SENT. CORTE COST. N. 229/2013

• La Corte Cost., nei riguardi delle critiche mosse alla disciplina illustrata, - a detta dei ricorrenti preclusiva per le Regioni, titolari di competenza legislativa e primaria in materia di organizzazione, della possibilità di scegliere una delle possibili modalità di svolgimento dei servizi strumentali alla proprie finalità istituzionali – afferma che:

le disposizioni statali in tema di coordinamento della finanza pubblica, fra cui rientrano certamente quelle oggetto di censura, possono incidere su una materia di competenza della Regione, come l’organizzazione ed il funzionamento dell’amministrazione regionale;

la soccombenza della competenza regionale in nome dei principi di coordinamento della finanza pubblica, è ammessa solo se i limiti di spesa imposti siano correlati da obiettivi di riequilibrio della medesima e se non sono previsti in modo esaustivo strumenti o modalità per il perseguimento dei suddetti obiettivi.

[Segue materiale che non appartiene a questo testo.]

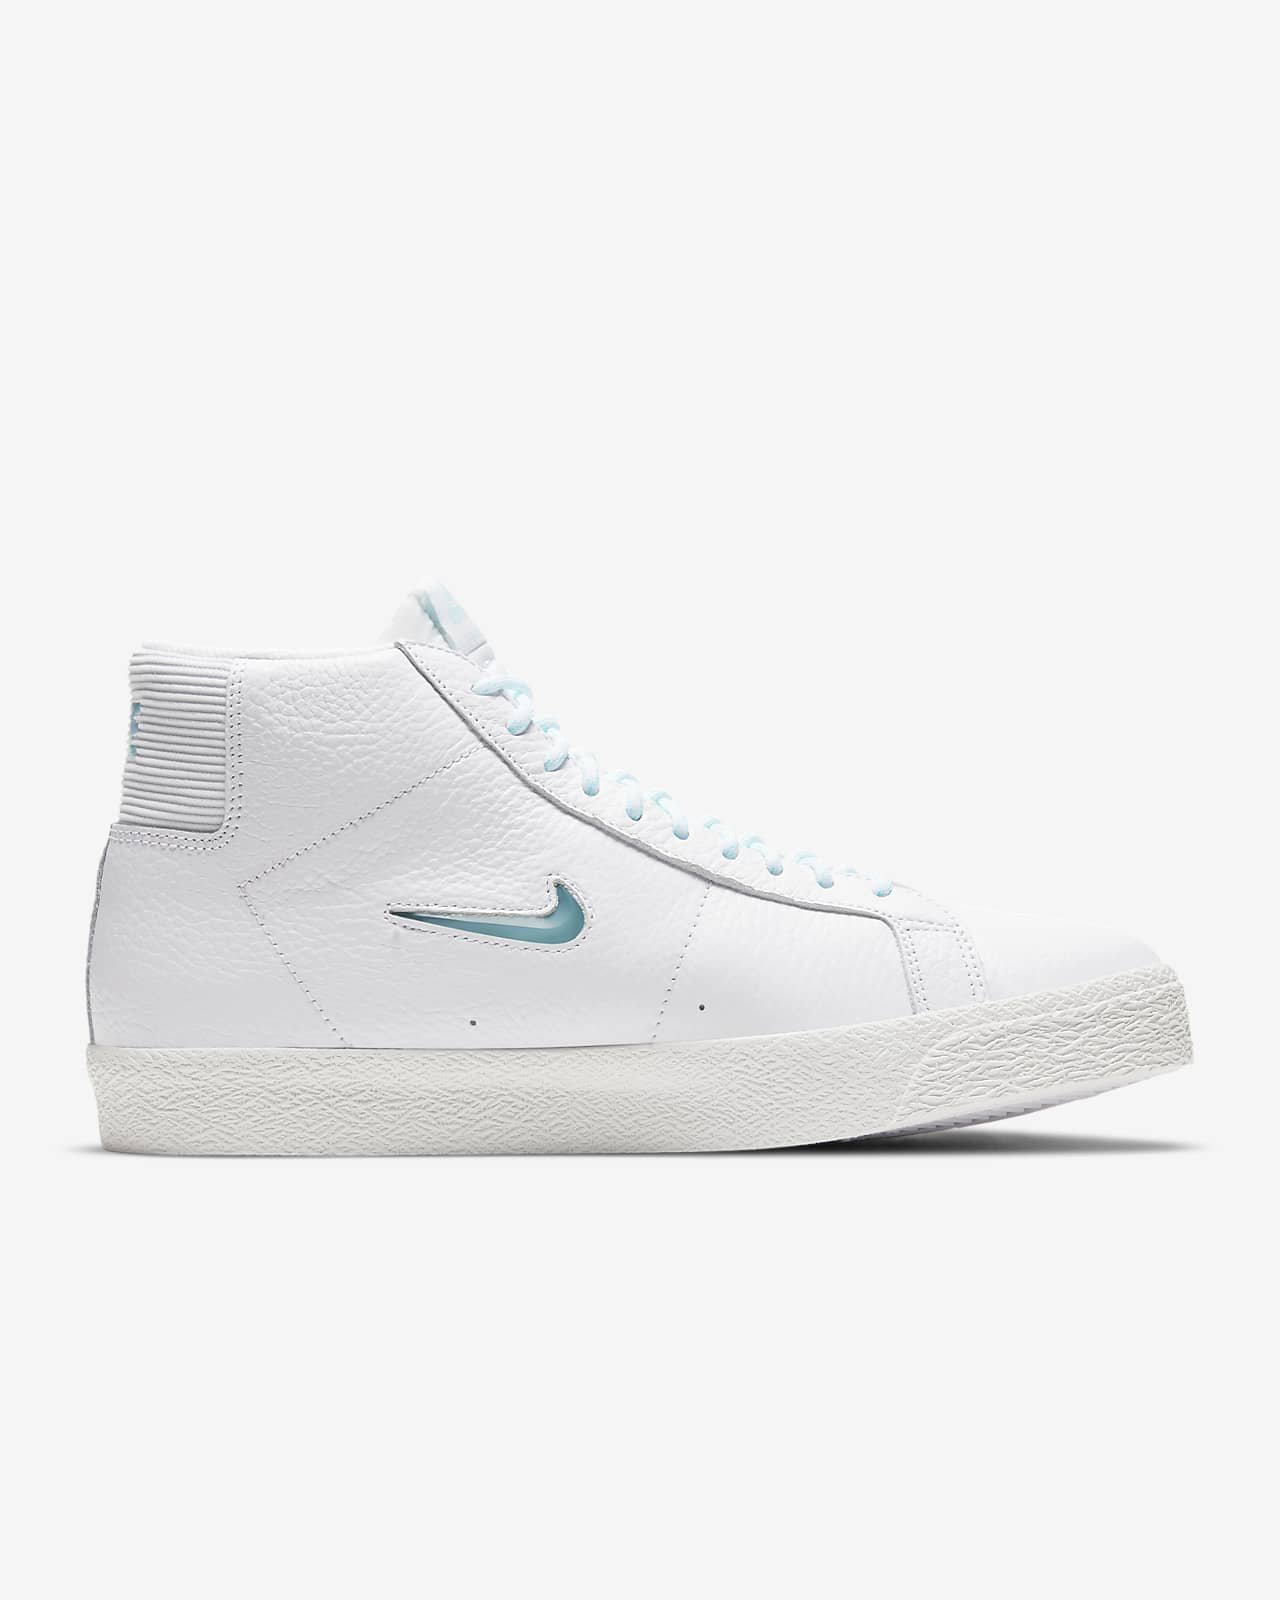 Nike SB Blazer Mid Premium White/White/Summit White/Glacier Ice

SENT. CORTE COST. N. 229/2013

• Nel caso di specie, la Corte ritiene che i commi 1, 2, 3, 3-sexies ed 8 dell’art. 4 del decreto Spending Review dettino una disciplina puntuale e dettagliata, tale da vincolare totalmente le scelte delle Regioni, con conseguente lesione dell’autonomia organizzativa delle stesse.

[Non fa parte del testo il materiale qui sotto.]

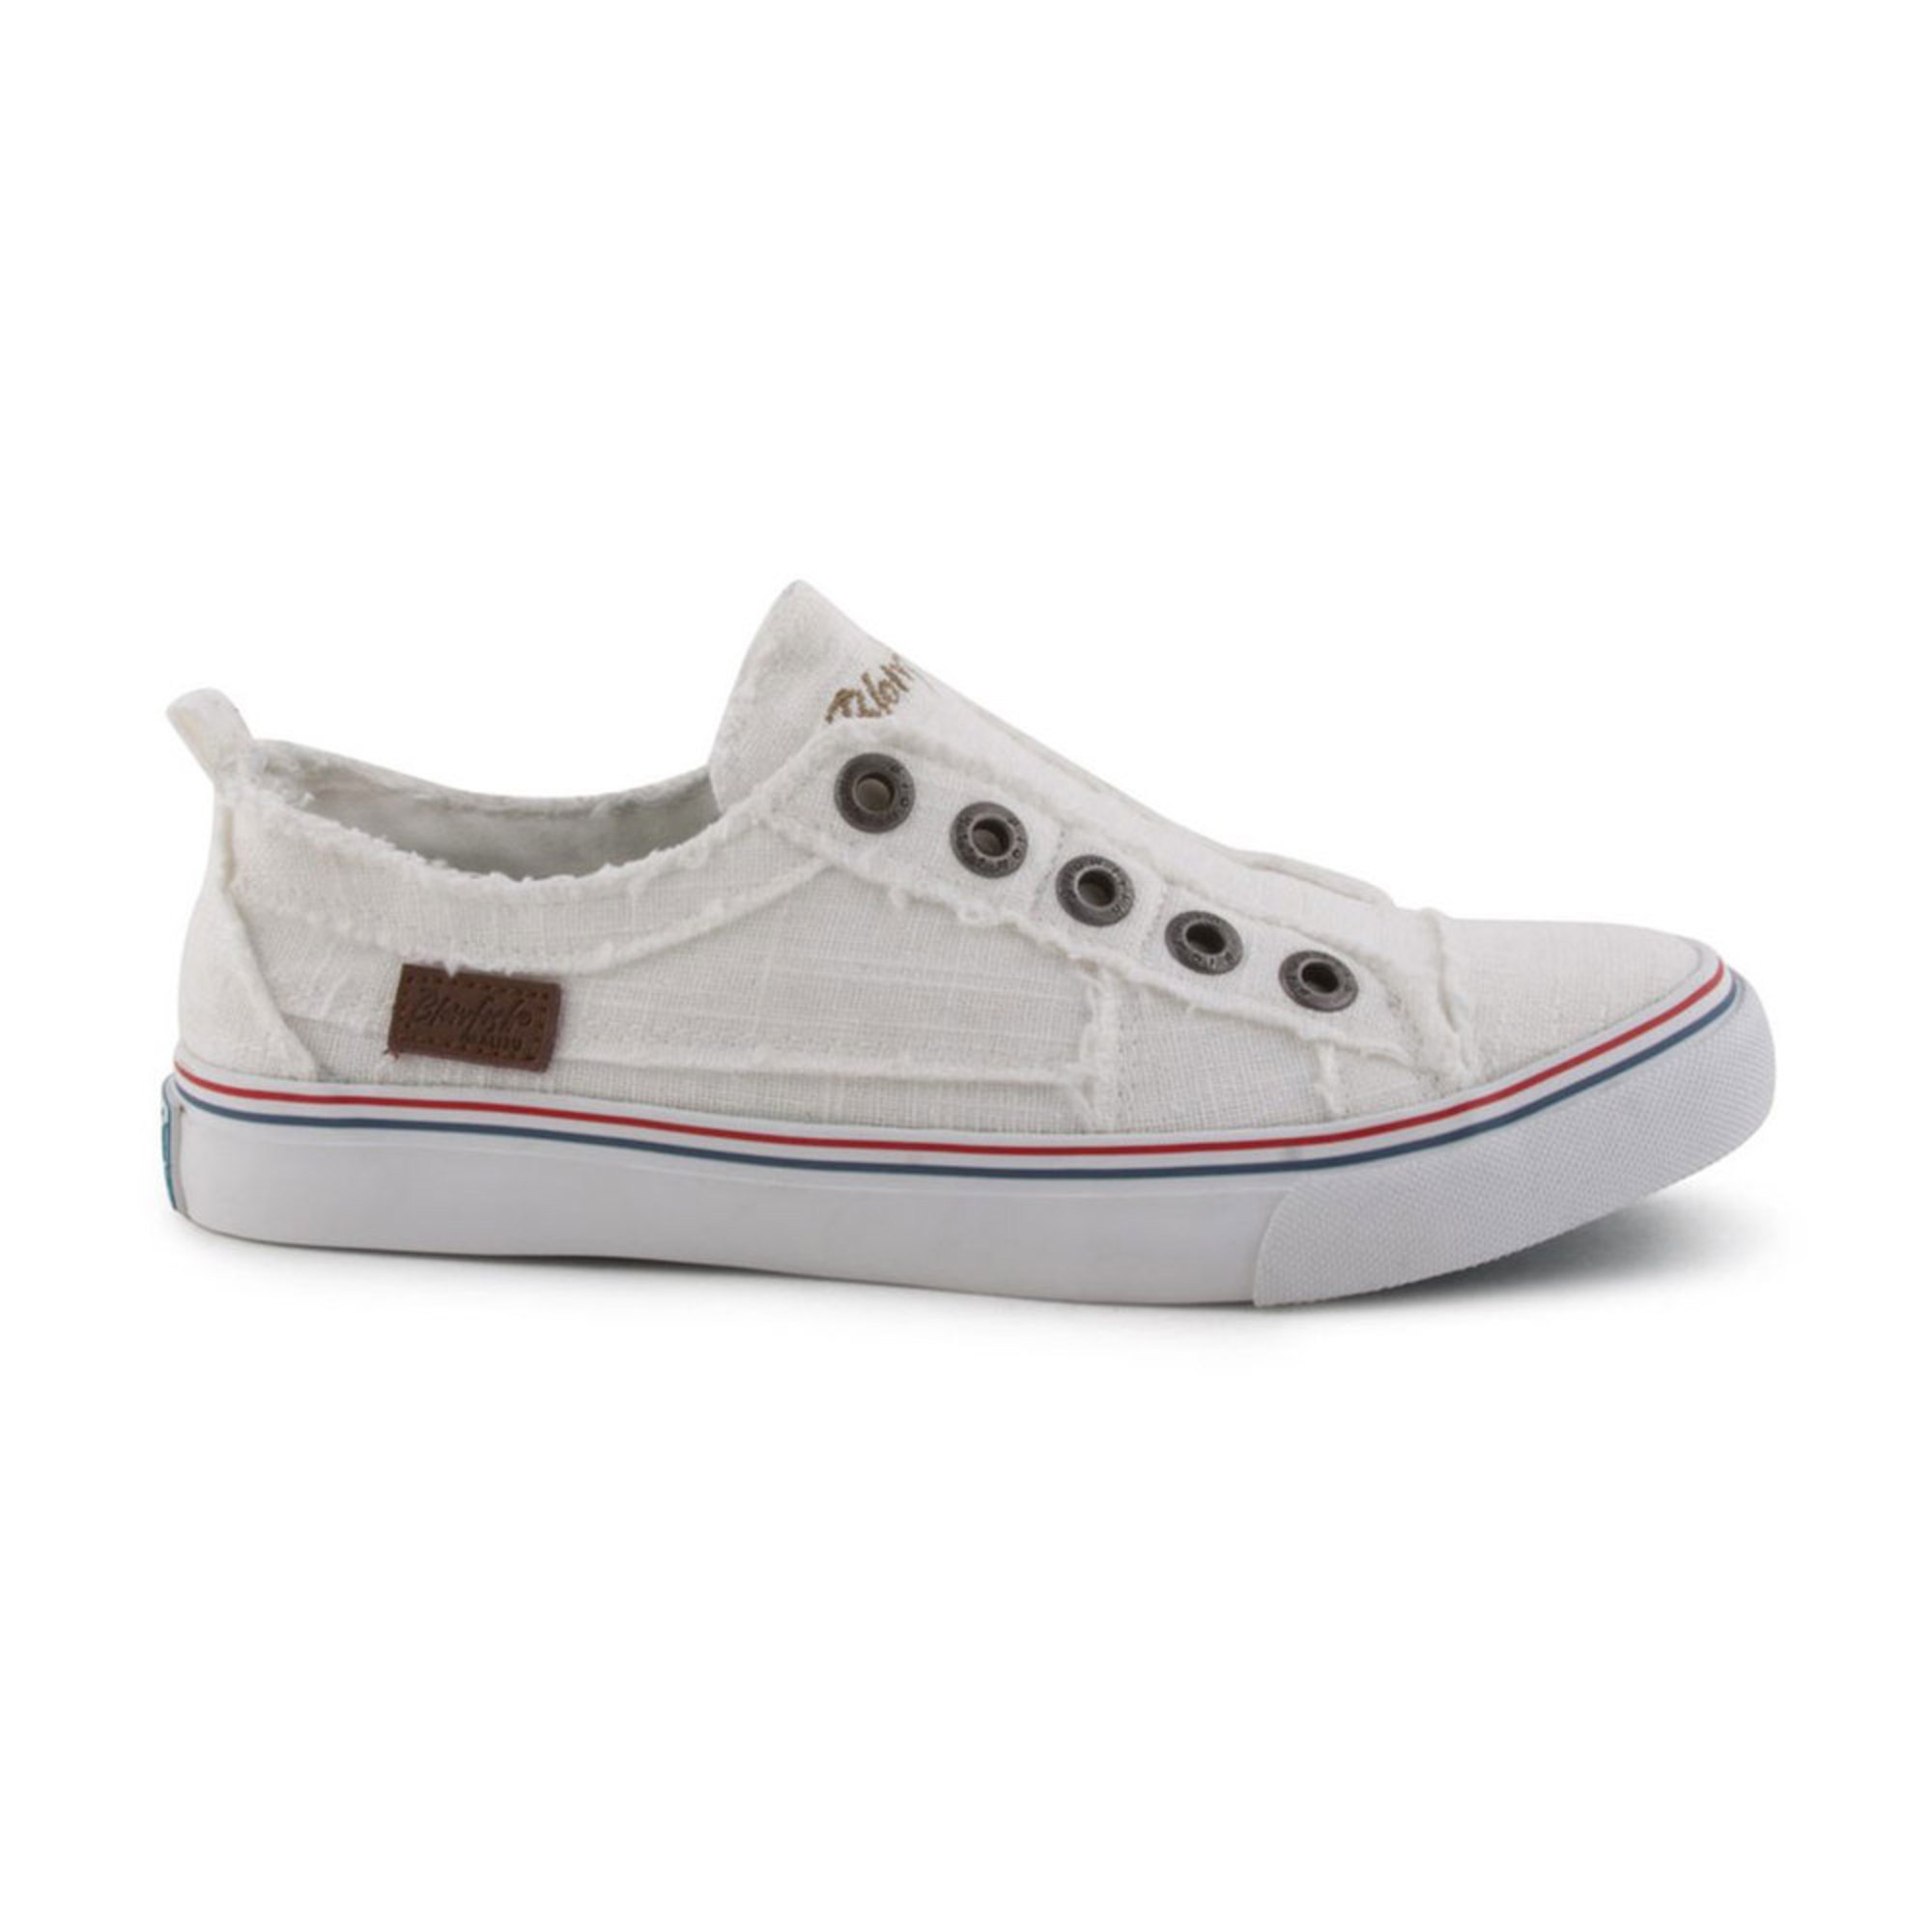 610ec5cff99 Blowfish. Blowfish Women s Play Sneaker No Laces

• Viene pertanto dichiarata l’illegittimità costituzionale dei commi da ultimo citati dell’art. 4 del decreto Spending Review, nella parte in cui si riferiscono anche alle Regioni, ferma la loro applicazione nei confronti delle altre pubbliche amministrazioni quali elencate all’art. 1, comma 2, del D. Lgs. n. 165/2001.

SENT. CORTE COST. N. 236/2013

• La Corte dichiara costituzionalmente illegittimo il comma 4 dell’art. 9 del decreto Spending Review, in totale disaccordo con la disciplina dettata dai commi precedenti del suddetto articolo.

• Nello specifico, l’art. 9 del D.L. n. 95/2012 introduce l’obbligo, da parte degli enti territoriali, di soppressione o accorpamento di enti, agenzie e organismi di qualsiasi natura giuridica che esercitano funzioni fondamentali di cui all’art. 117, comma 2, lett. p) della Cost., o funzioni amministrative di cui all’art. 118 della Cost.;

• In ogni caso, gli enti territoriali devono assicurare una riduzione degli oneri finanziari in misura non < al 20%;

• L’obbligo in discorso non riguarda le aziende speciali, gli enti e le istituzioni che gestiscono servizi socio-assistenziali, educativi e culturali.

SENT. CORTE COST. N. 236/2013

• Il comma 4 dell’art. 9 del decreto Spending Review prevede che in caso di violazione dell’obbligo di soppressione/accorpamento di cui alla slide precedente, gli enti in discorso sono considerati soppressi di diritto e gli atti dagli stessi adottati sono nulli.

• La Corte rileva la contraddittorietà della disposizione in esame, in quanto discordante con quanto sancito dai precedenti commi 2 e 3 dell’articolo in esame, i quali prevedono un procedimento volto alla ricognizione dei suddetti enti e all’individuazione dei criteri e della tempistica per l’attuazione della norma con il coinvolgimento delle autonomie locali.

SENT. CORTE COST. N. 236/2013

• Inoltre, l’automatica soppressione di enti, agenzie e organismi comunque denominati e di qualsiasi natura giuridica che esercitano, anche in via strumentale, funzioni nell’ambito delle competenze spettanti a Comuni, Province, e Città metropolitane ai sensi dell’art. 118 Cost., prima che tali enti locali abbiano proceduto alla necessaria riorganizzazione, pone a rischio lo svolgimento delle suddette funzioni, rischio ulteriormente aggravato dalla previsione della nullità di tutti gli atti adottati successivamente allo scadere del termine;

• La Corte pertanto, ritiene che la difficoltà di individuare quali siano gli enti strumentali effettivamente soppressi e la necessità per gli enti locali di riorganizzare i servizi e le funzioni da questi svolte rendono l’art. 9, comma 4, del d.l. n. 95 del 2012 manifestamente irragionevole.